Сумарок аж вспыхнул от досады.
Много в жизни бывало, но ни разу чаруша чужого не брал, даже когда живот к спине лип.
— По себе не суди, — сказал, глаз не отводя от лица старшого. — Или за навет спрошу.
Так и сошлись бы, верно, грудь в грудь, кабы не вмешалась Амуланга.
— Будет вам петушиться! — Крикнула сердитым голосом, еще и ногой топнула. — Что если не до смерти уходил ты его, Сумарок, что если вдругорядь вернется?
— Зачем бы ему так трудиться, за упряжкой гнаться? Чать, нелегкая заботушка!
— Может, до мяса человечьего лаком? — испуганно молвил Василек.
— Да ну, в лугар бы наведался ближний, и мяса теплого, бабьего, полны закрома, и ноги не трудить, — хмыкнул Пешня, хлопая парня по спине.
Тот аж поперхнулся.
— Или ищет чего, — задумалась Иль, глянула на Сумарока пронзительно.
Сумарок только сейчас разглядел, что глаза ее — как апрельская березовая зелень, солнцем ярким крапленая.
— Лапу свою…Али ногу, не разобрал.
— С чего взял?
— Слышал.
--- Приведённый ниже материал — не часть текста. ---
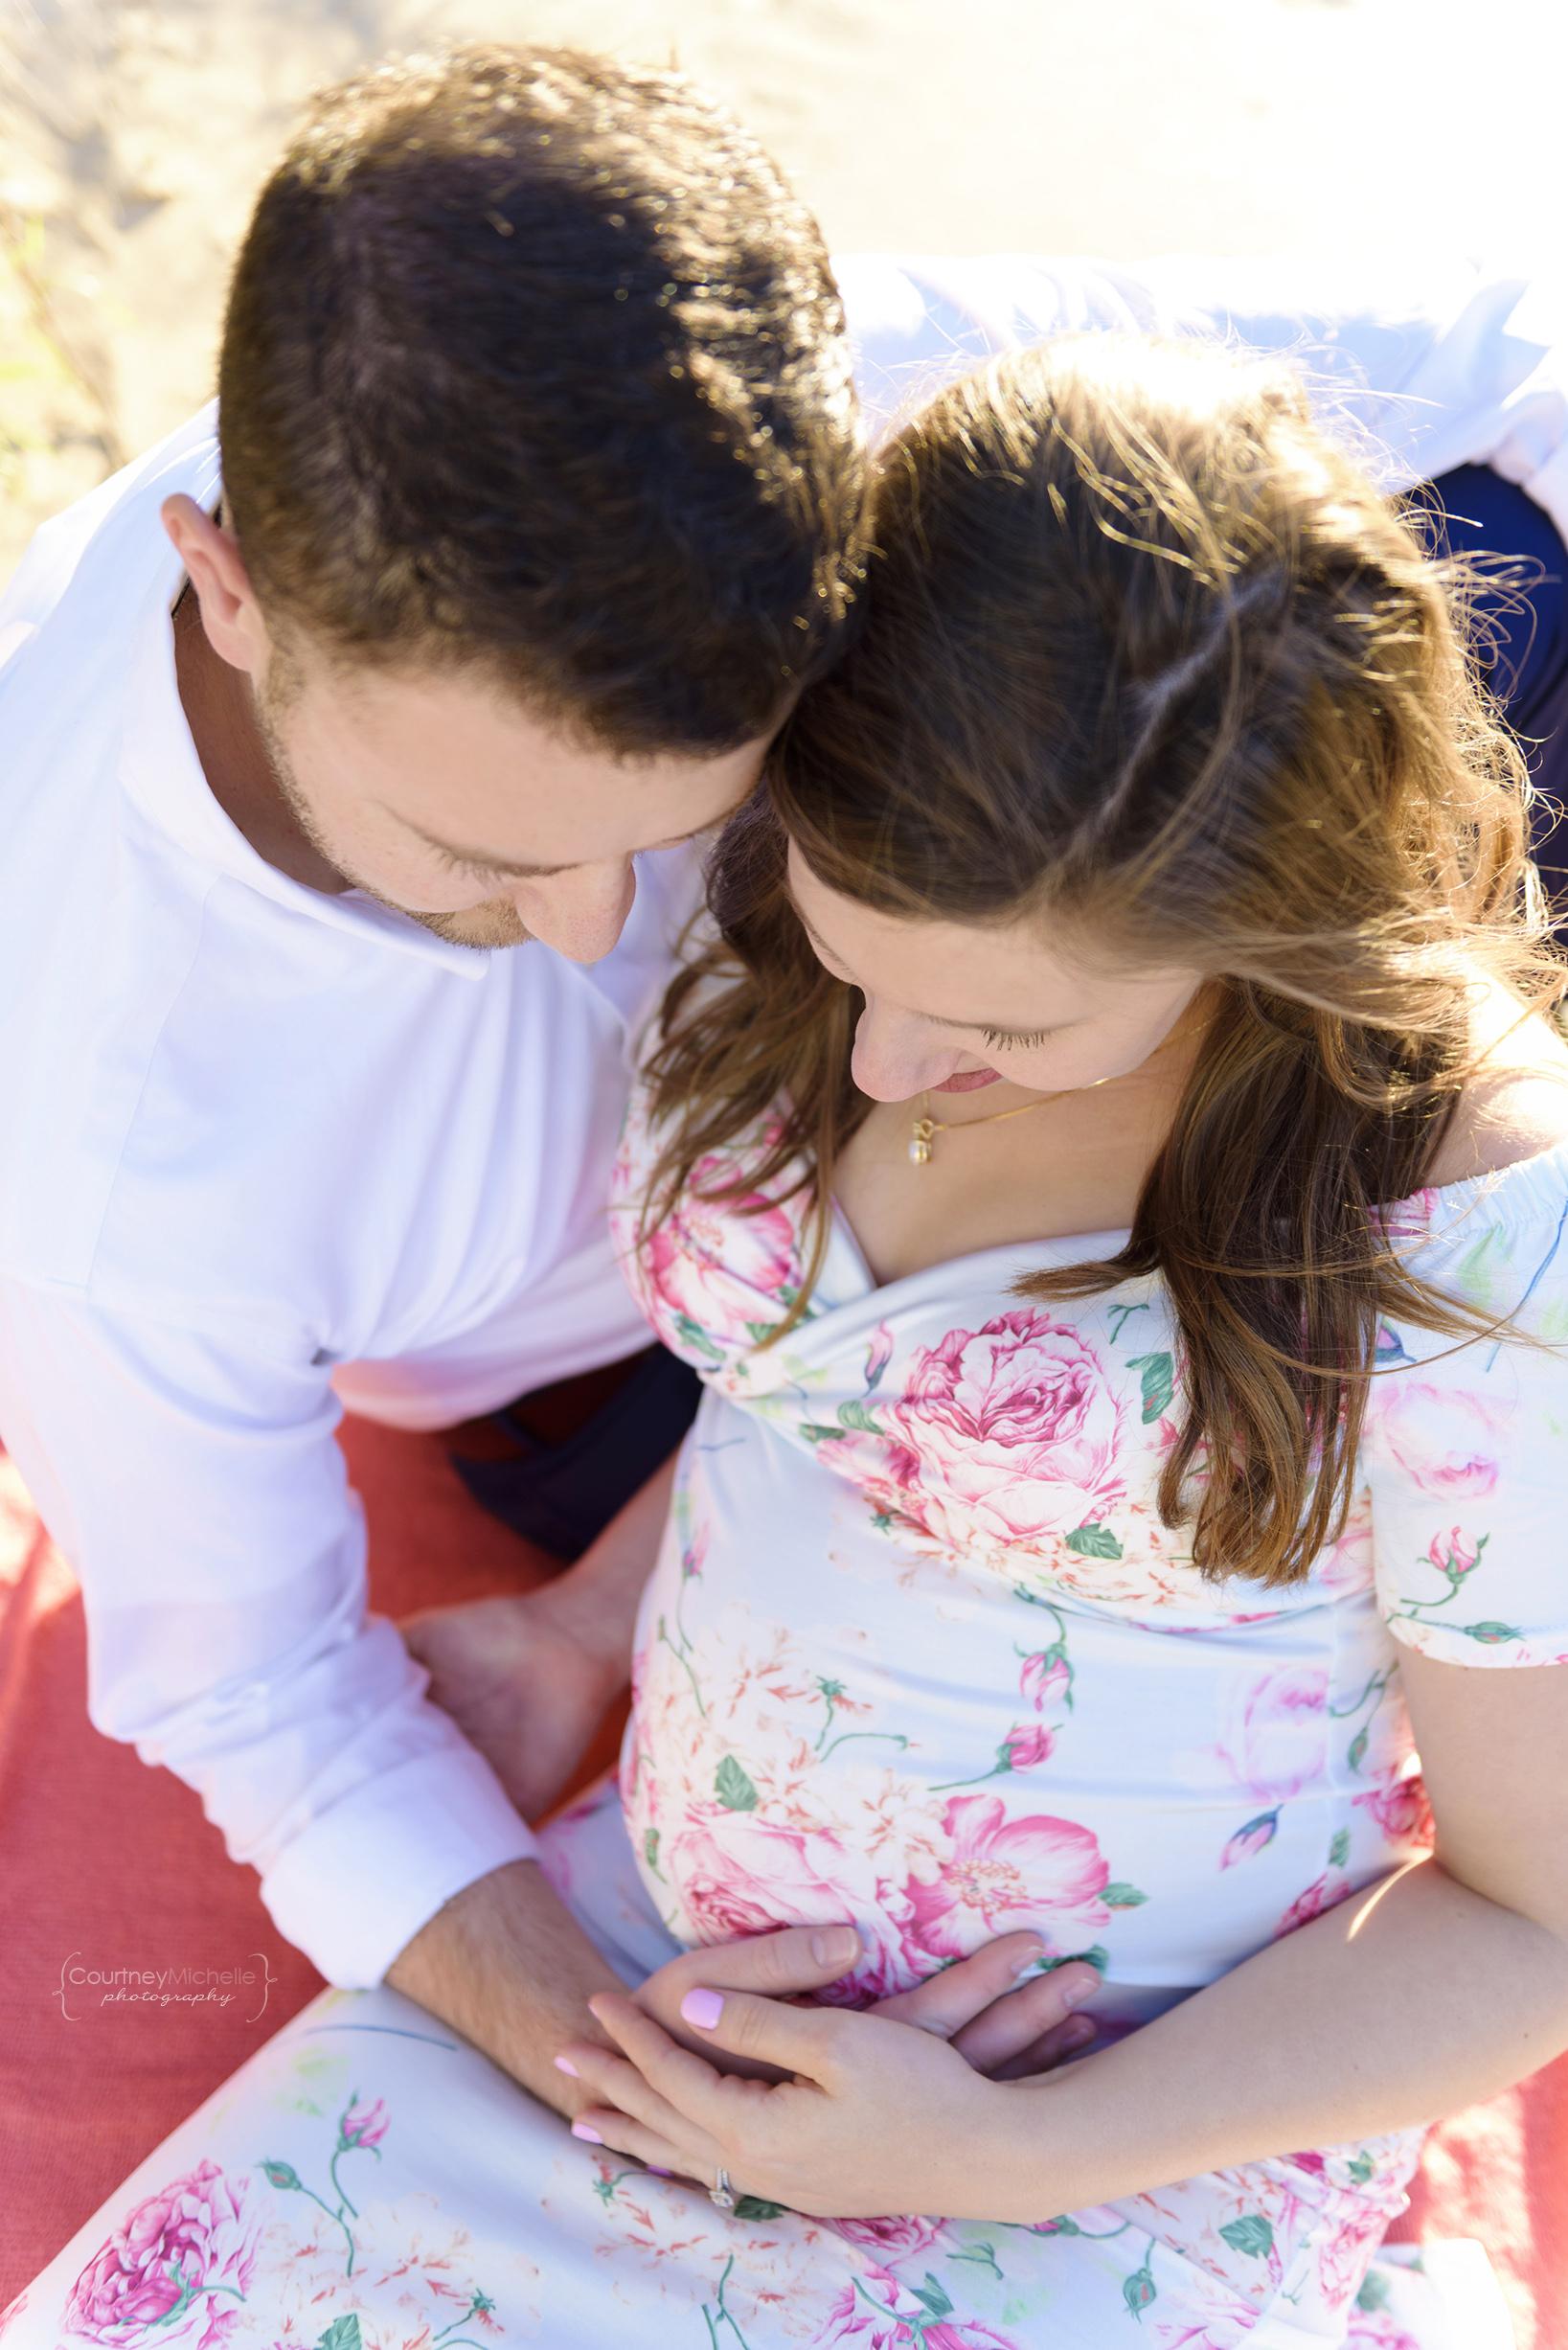 montrose-beach-chicago-maternity-session-courtney-laper©COPYRIGHTCMP-Maternity-3046-edit.jpg
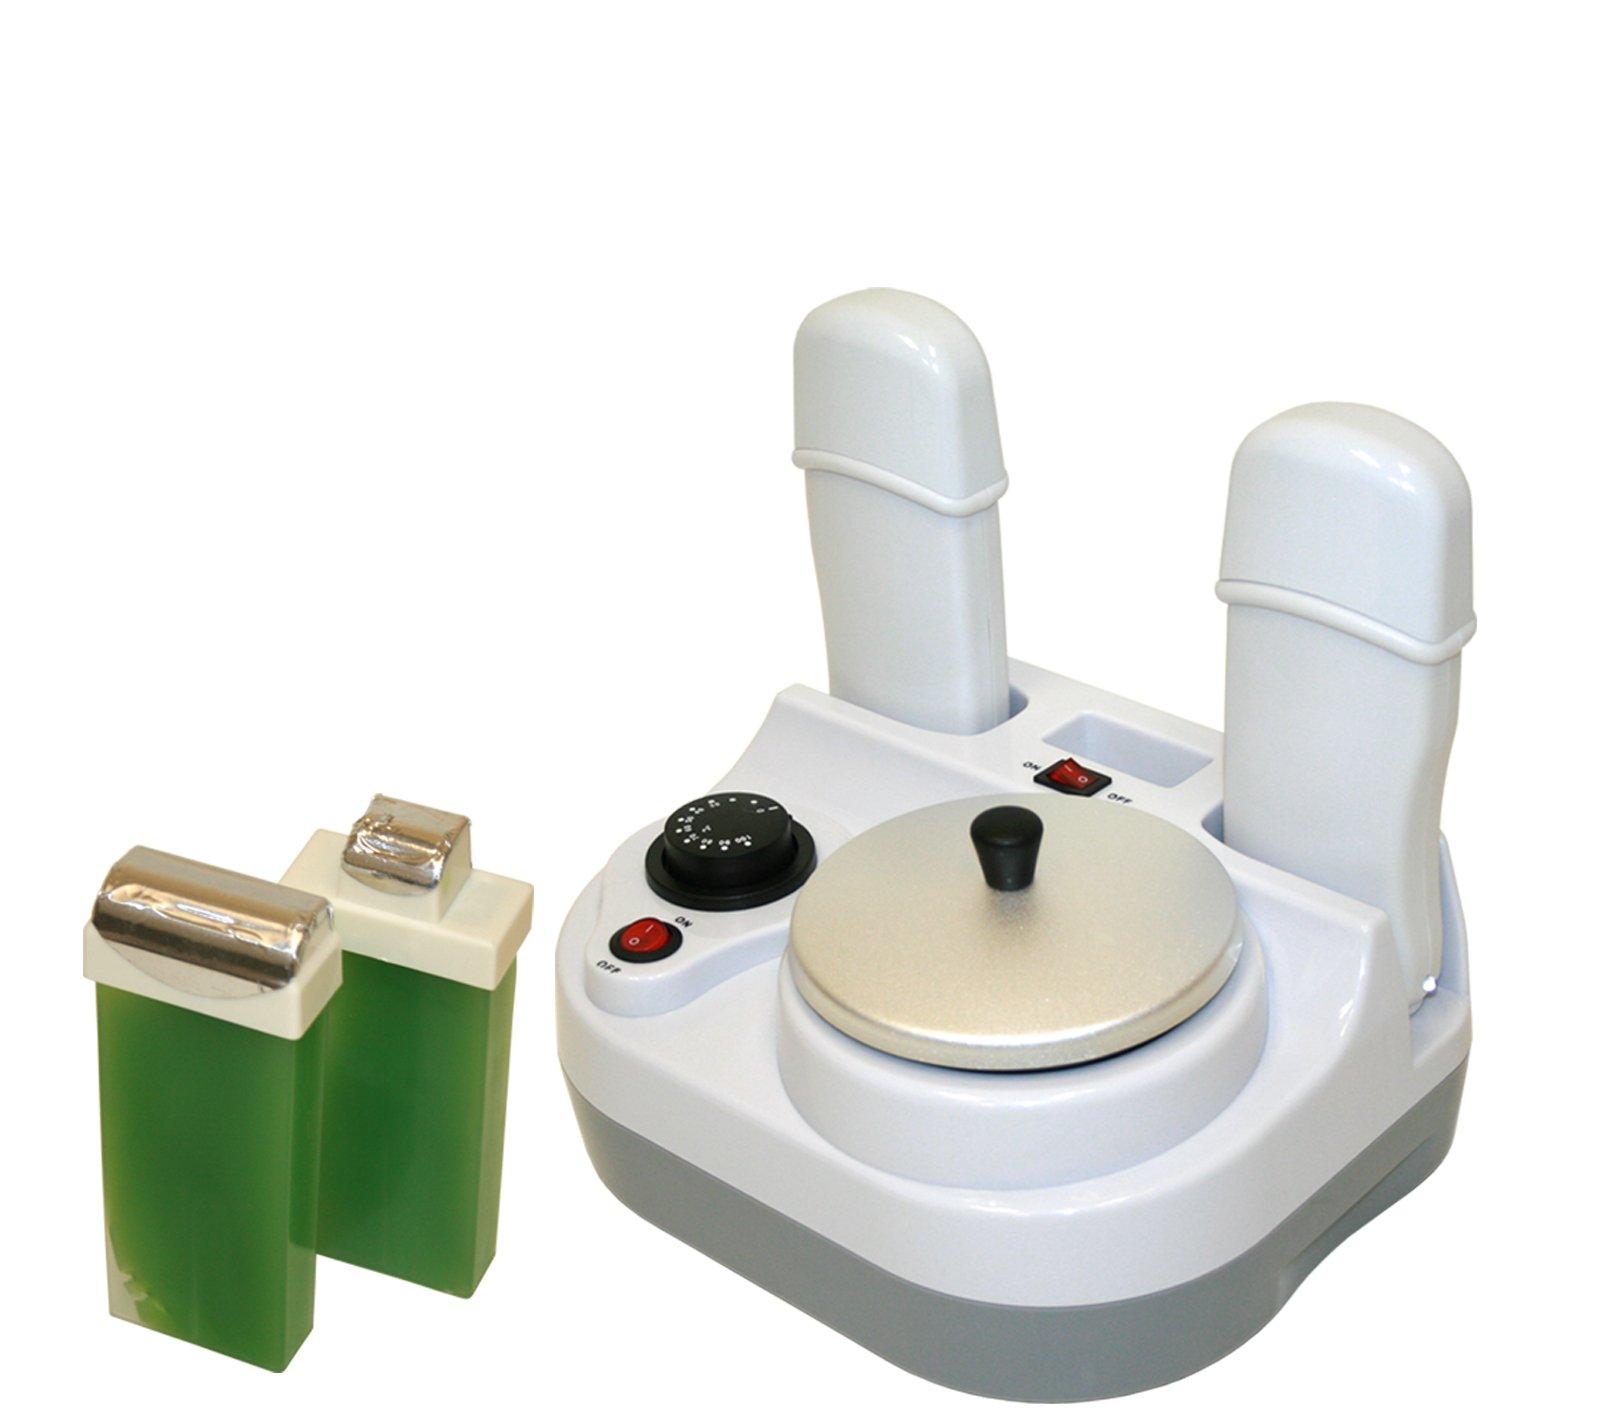 LCL Beauty Professional 2-in-1 (Pot & Double Cartridge) Wax Heater

Он, пока наверху топтался, все напевал…
— Говорю же, ты навел, чаруша!
— Слюной не брызжи, западошный, не ровен час, зубами подавишься, — бросил Пешня.
— Ах ты, тать, проблядин сын…
Вновь сороки на руки бойцам слетелись, да тут качнулась дверь, отворилась со скрипом…
Коростель ажно попятился, когда глянула ему в грудь-голову цельная стая птичья.
— Да что это у вас приключилось?! — крикнул слабым голосом.
— Долго объяснять, дядя, — блеснула зубами Иль, своим махнула, чтобы отвели от правильщика оружие. — Гадаем с ребятушками, на что сущ лютый польстился, для чего на рожон лезет…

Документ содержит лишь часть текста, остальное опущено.